You will see several popular brands in the threads on feeding; if you like dry kibble, Fromm's is a quality food. Whatever you switch to, be sure and do so gradually, mixing in increasingly higher proportions of the new food over several weeks.


----------



## Grace'sMom (Feb 22, 2012)

Maggie gave you good advice.

I'd add - whatever you decide to switch to -

1. Make sure you read up on it first (as you're doing  ), and be sure it is the food you want to switch him to...

because:

2. You only want to change foods slowly, and if he doesn't like it and you have to change again - it can be rough on a puppy's system.

These fluffs can be picky - and so if he is eating well on his current food I'd almost suggest not changing him right now. He is still young. I looked at the food he is on - it isn't horrible, but sure you could switch him to something better.

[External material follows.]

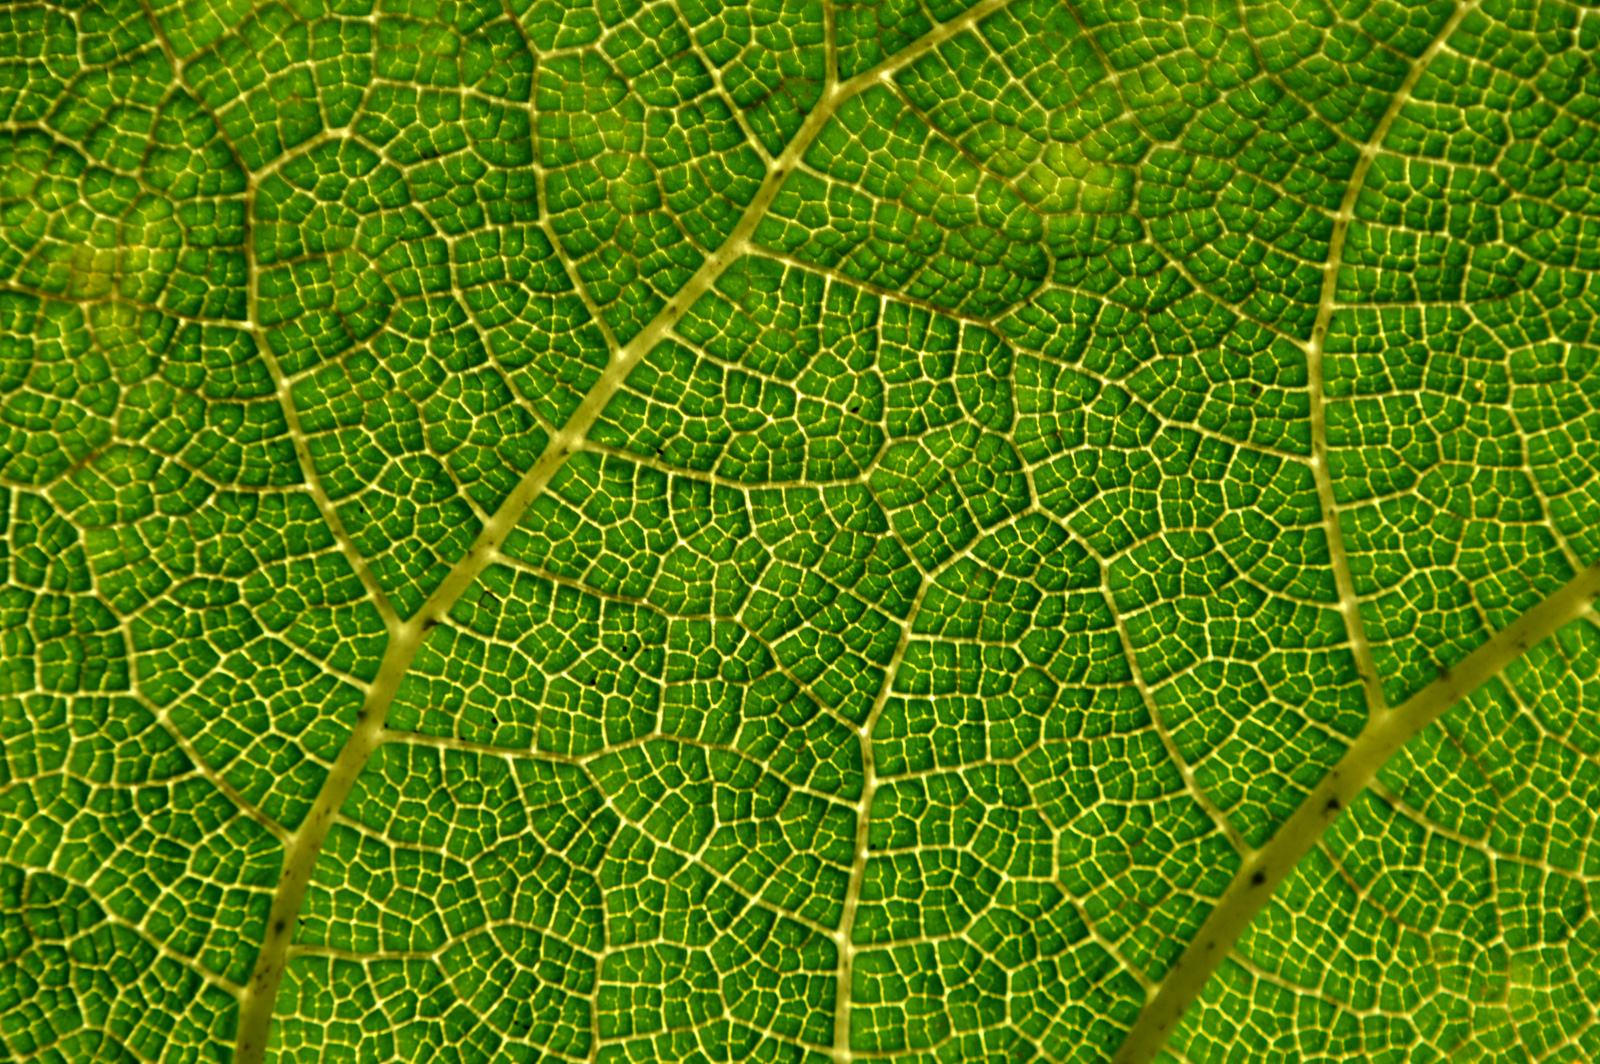 Textura de hoja de arbol - 1600x1064
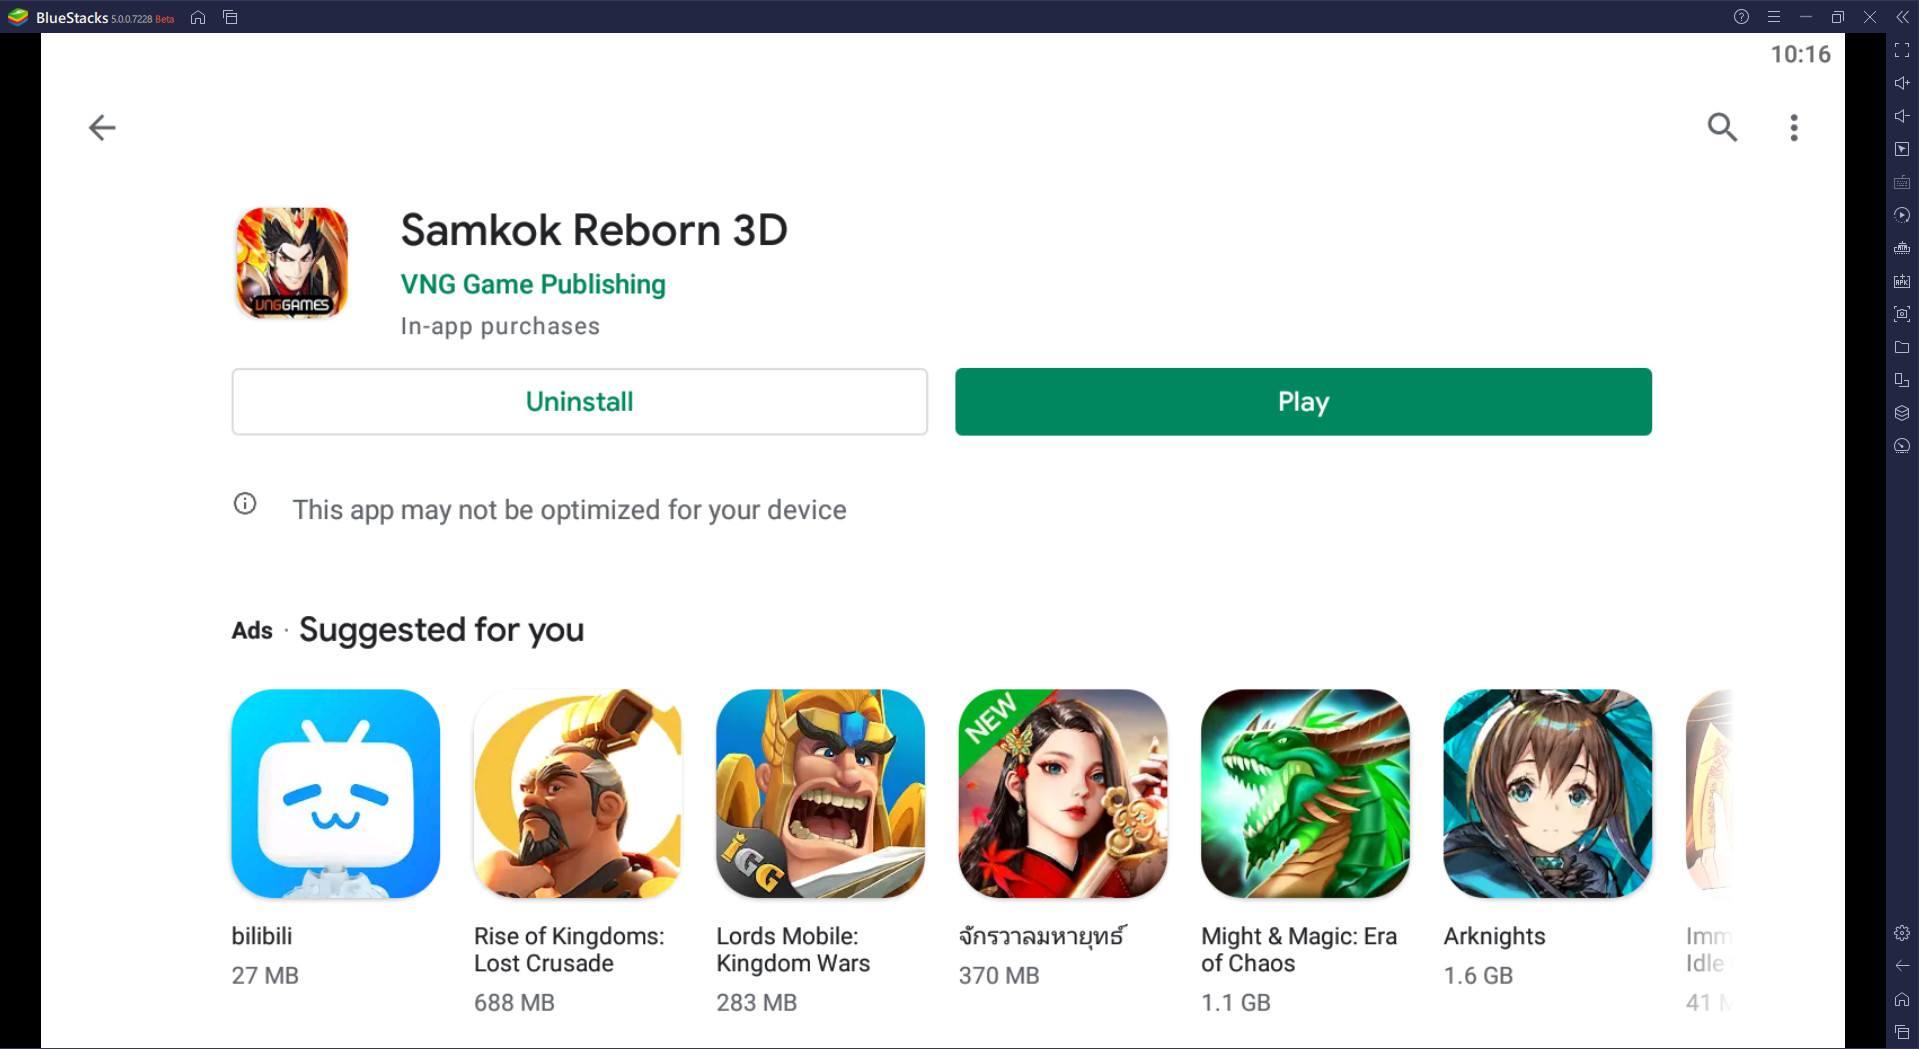 วิธีติดตั้ง Samkok Reborn 3D บน PC และ Mac ผ่าน BlueStacks

There are many puppy foods recommended on the forum that pups have loved. So you could try one of those.

If he is having loose stools -

First, get a stool test run to make sure he is clean of parasites.

But - another thing to look at is HOW MUCH he is eating.

Often times fluff puppies will have loose stools or even full out diarrhea if you are feeding them too much.

Just a thought.


----------



## shellbeme (Mar 1, 2011)

I would make some suggestions but I have no idea what is available in singapore. Can you get acana or fromm? Nutri source? You may have foods available that are not necissarily bad but that I wouldn't normally recomend. Sometimes Royal Canin might be the best you can find (I am not saying it's bad). 

The dog food advisor website is a great place to start, you can also just check labels. You want to avoid by products and mystery meat (meat sources that are not identified). I like to have meat or meat meal in the first 2-4 ingredients. I like to see meats followed by whole foods-but sometimes that doesn't always happen. I try to avoid products that are made in china but I know different countries have different rules and it's not always listed on the bags..


----------